American Tower representative Julie Erb said the company would like to remove the rooftop equipment before winter because the existing roof is unsafe, described a permitting timeline that includes about 60 days for a building permit plus one to two months to mobilize and construct, and said the constructed facility would be unmanned aside from quarterly maintenance visits.

Board members focused questions on whether the public posting met BMZA rules and whether the applicant’s engineering documentation adequately explained the tower’s fall radius. Planning staff had asked for clarification because the application included an engineer’s statement describing a zero‑foot fall radius.

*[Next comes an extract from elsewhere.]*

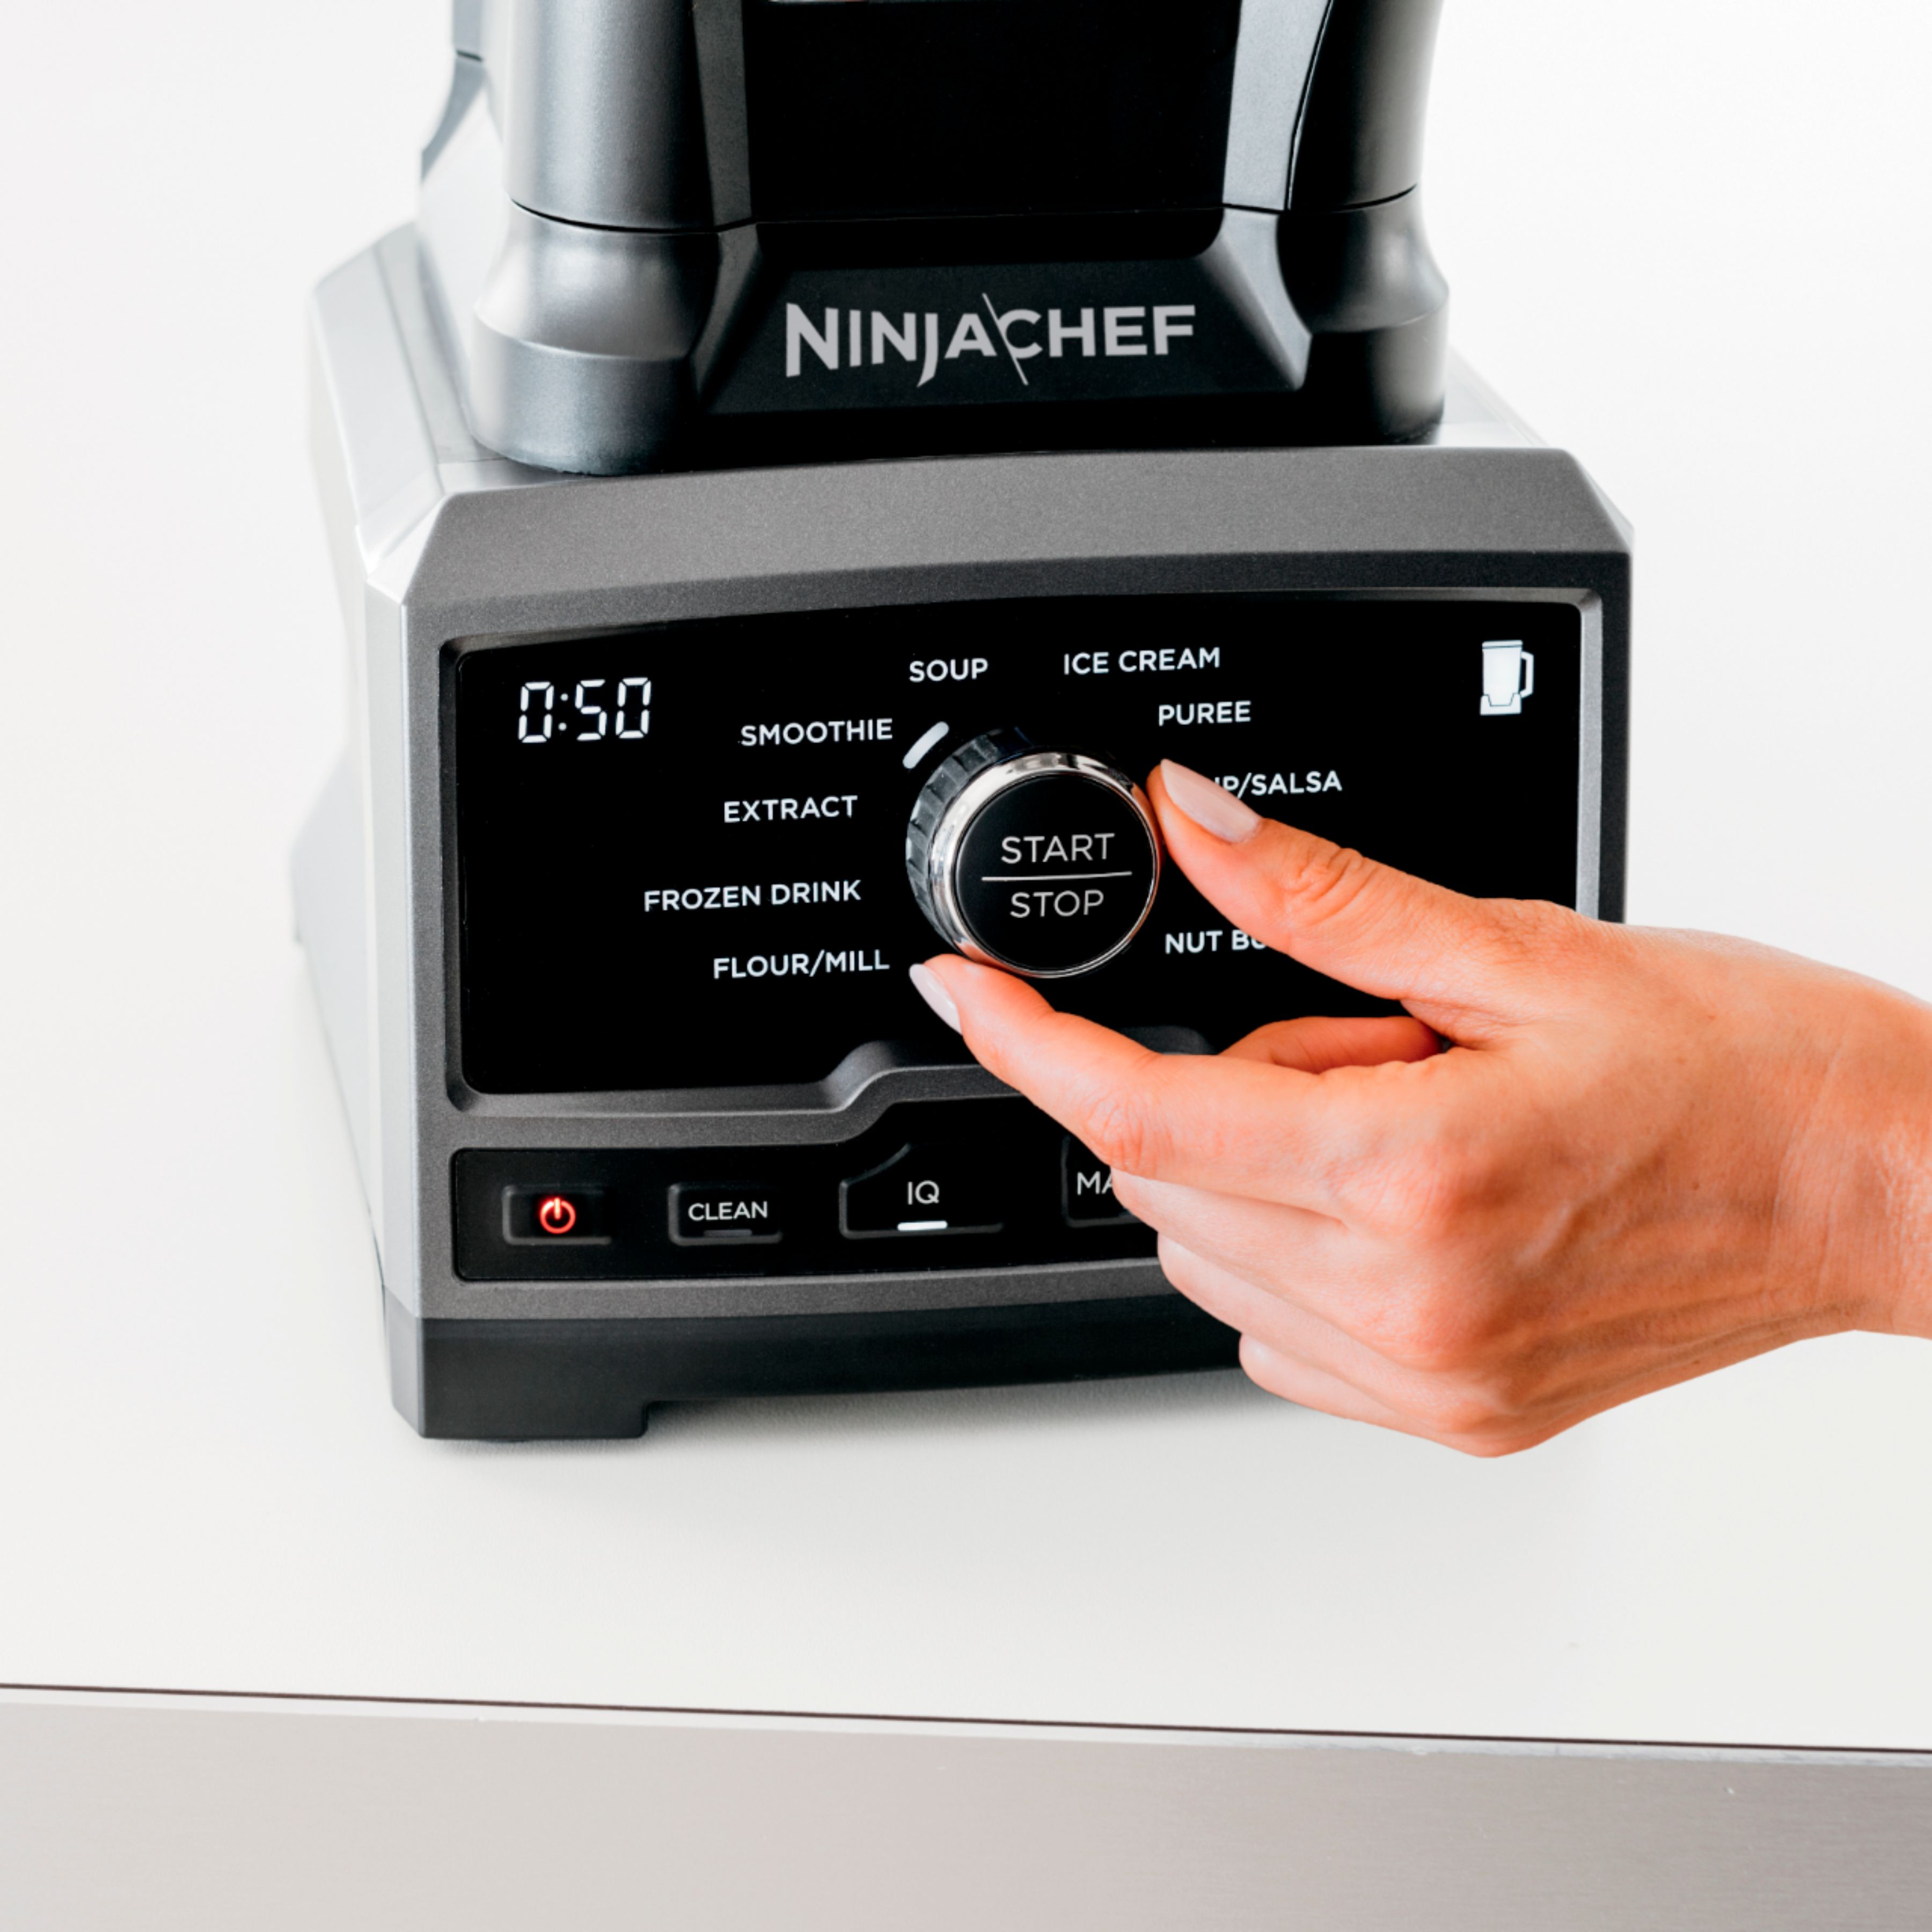 Ninja 72-oz Black 1500-Watt Pulse Control Blender

Sampson told the board the tower manufacturer and the applicant’s engineers certified the fall radius as effectively zero but agreed to provide a clearer, updated engineering certification if the board required it.

Given the number of neighbors who came forward and the outstanding technical documentation, the chair offered a postponement rather than a denial, noting a denial would bar resubmission for 12 months. The applicant agreed to request a postponement, to seek a better engineering certification, and to provide direct contact information to the neighborhood association so residents can receive application materials and follow‑up information.

The board did not take a final vote on the merits; it postponed the matter to allow the applicant to return with additional engineering documentation and evidence of further community outreach.